Picasso's artistic output has long been broken up into periods dictated according to the woman in his life. The long, final Jacqueline phase was unequalled in the multiplicity of manners in which his subject was depicted when compared to the eras of Olga Picasso, Marie-Thérèse Walter, Dora Maar or Françoise Gilot. This was an age of renewed experimentation, a time during which Picasso both looked back through his own career, as well as to the great masters who had come before him, while simultaneously having one eye trained on contemporary developments in painting.

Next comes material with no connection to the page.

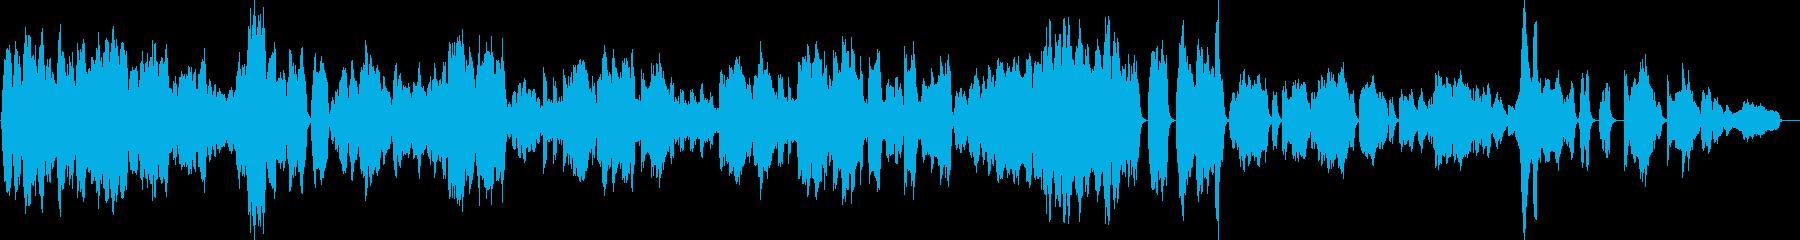 トルストイも涙した郷愁を誘うチェロの名曲の再生済みの波形

The motif of a woman seated in an armchair was one of the artist’s abiding subjects, appearing time and time again throughout the artist’s career. From the masterful cubist Femme en chemise (The Metropolitan Museum of Art, New York; Zervos, vol. 2, no. 522) to the undulant, deeply sensual depictions of his golden haired muse Marie-Thérèse, and the highly wrought images of Dora Maar, Picasso constantly returned to this format, the abiding pictorial idiom defined primarily by the associated iconography of his muse at the time. For his depictions of Maar in particular, Picasso imbued the chair in which he depicted her with a powerful resonance. ‘When I paint a woman in an armchair, the armchair implies old age or death, right? So, too bad for her. Or else the armchair is there to protect her’ (quoted in A. Malraux, Picasso’s Mask, New York, 1994, p. 138).
In Femme assise dans un fauteuil noir Jacqueline unquestionably commands the scene, her image invested with a sense of power and authority. With her hands resting boldly upon the throne-like chair, her regally poised head and all-seeing eyes demonstrate the artist’s thrall to his new wife. Indeed, this pose is instantly reminiscent of works such as Velázquez’s Pope Innocent X (Galleria Doria Pamphilj, Rome) – an artist to whom Picasso had recently been looking, and a work that had deeply inspired Francis Bacon at around the same time. The rich, Baroque palette of the painting heightens this sense of regal stability, as well as drawing attention to the interlocking forms of Jacqueline’s head, which Picasso has depicted with a carefully constructed collection of lines and planes. Reminiscent of the iconic double-portrait motif which he had explored throughout much of his career, here, he has portrayed Jacqueline’s face both frontally and in profile. This sculptural three-dimensionality found an equivalence in the paper cut outs and sheet metal portrait heads of her that he was creating at the same time, a reflection of the unparalleled role Jacqueline held in the artist’s life at this time, and the astonishing creativity and diversity of styles that she inspired in his art.